[Genabel-commits] r960 - in pkg/ProbABEL: doc src

Fri Sep 28 13:54:42 CEST 2012

Author: lckarssen
Date: 2012-09-28 13:54:41 +0200 (Fri, 28 Sep 2012)
New Revision: 960

Modified:
   pkg/ProbABEL/doc/CHANGES.LOG
   pkg/ProbABEL/src/probabel.pl
   pkg/ProbABEL/src/probabel_config.cfg.example
Log:
Updates to probabel.pl and probabel_config.cfg:
- The _._chr_._ replacement can now occur multiple times in the path inthe config file. Thanks to Marijn Verkerk for the patch!
- The .cfg file now accepts comments (lines that start with #) and ignores empty lines.
- Some clean up of probabel.pl code. Use Perl's -W switch and "use strict".
- Made the usage message shorter. The full message is available by using the -h or -help option
- Added a check for the Y chromosome.

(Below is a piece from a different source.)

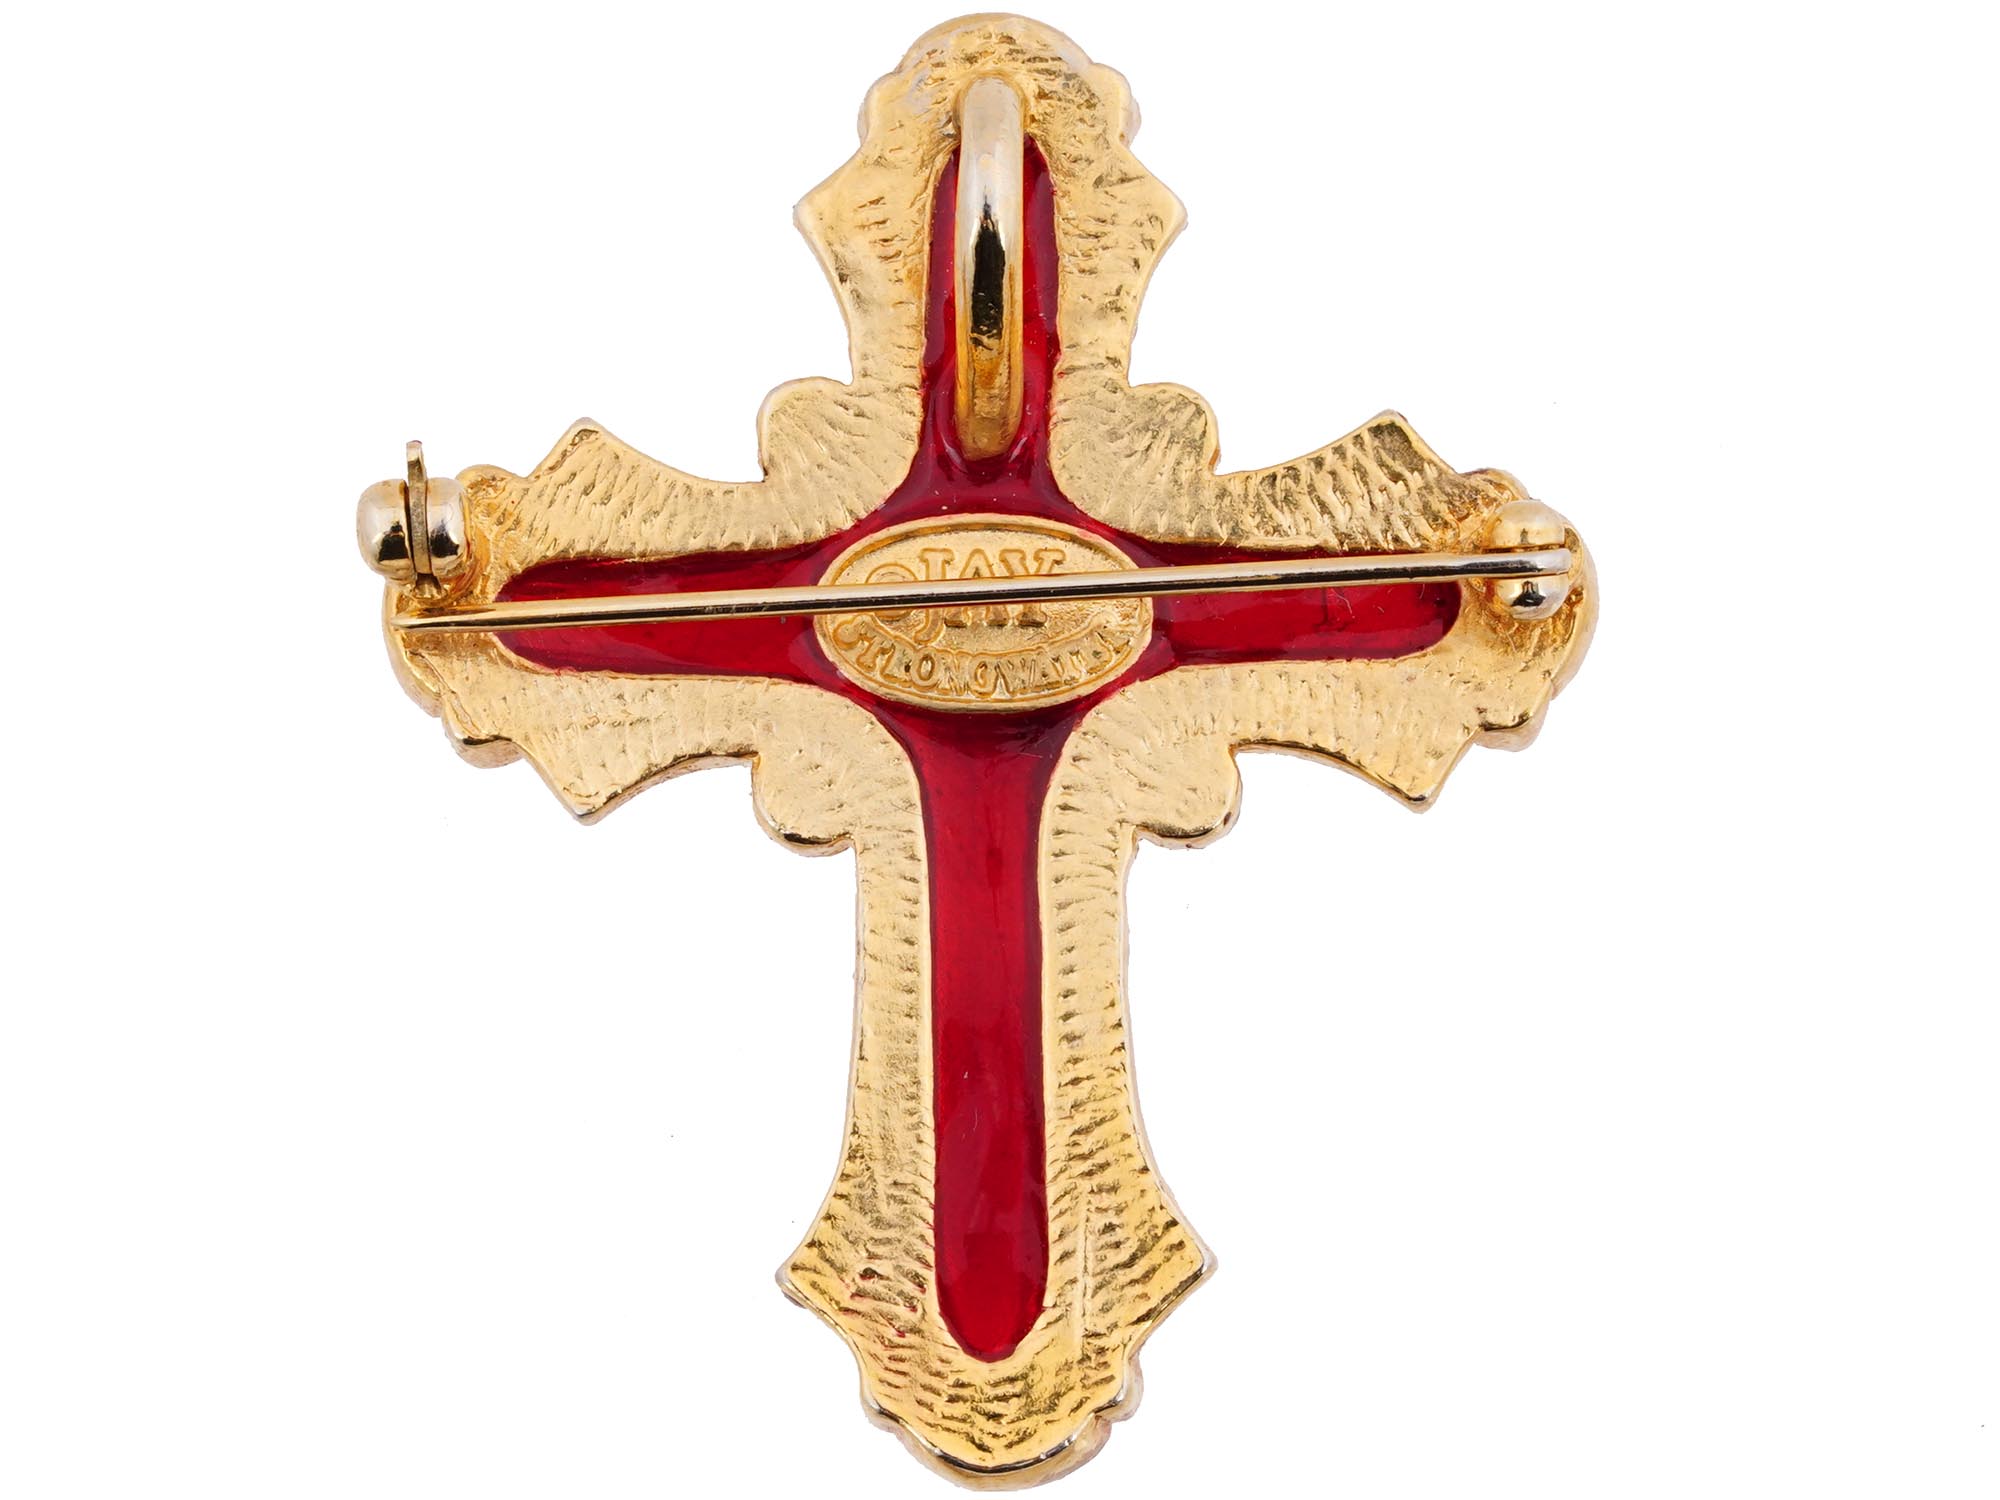 JAY STRONGWATER RED CRYSTAL CROSS BROOCH PENDANT PIC-2

Don't know if anyone uses it, but this looks more consistent. 


Modified: pkg/ProbABEL/doc/CHANGES.LOG
===================================================================

--- pkg/ProbABEL/doc/CHANGES.LOG	2012-09-17 11:31:09 UTC (rev 959)
+++ pkg/ProbABEL/doc/CHANGES.LOG	2012-09-28 11:54:41 UTC (rev 960)
@@ -1,3 +1,10 @@
+*****
+* Update of the probabel.pl script and probabel_config.cfg.
+  The .cfg file now accepts the chr separator in multiple locations in the path
+  (thanks to Marijn Verkerk).
+  probabel.pl can now also run Y chromosome analysis and the help
+  message has been updated.
+
 ***** v.0.2.0 (2012.06.10)
 * The v.0.1-9e fix for working with prob files in pacoxph has been
   forward-ported to this branch as well (Lennart and Yurii).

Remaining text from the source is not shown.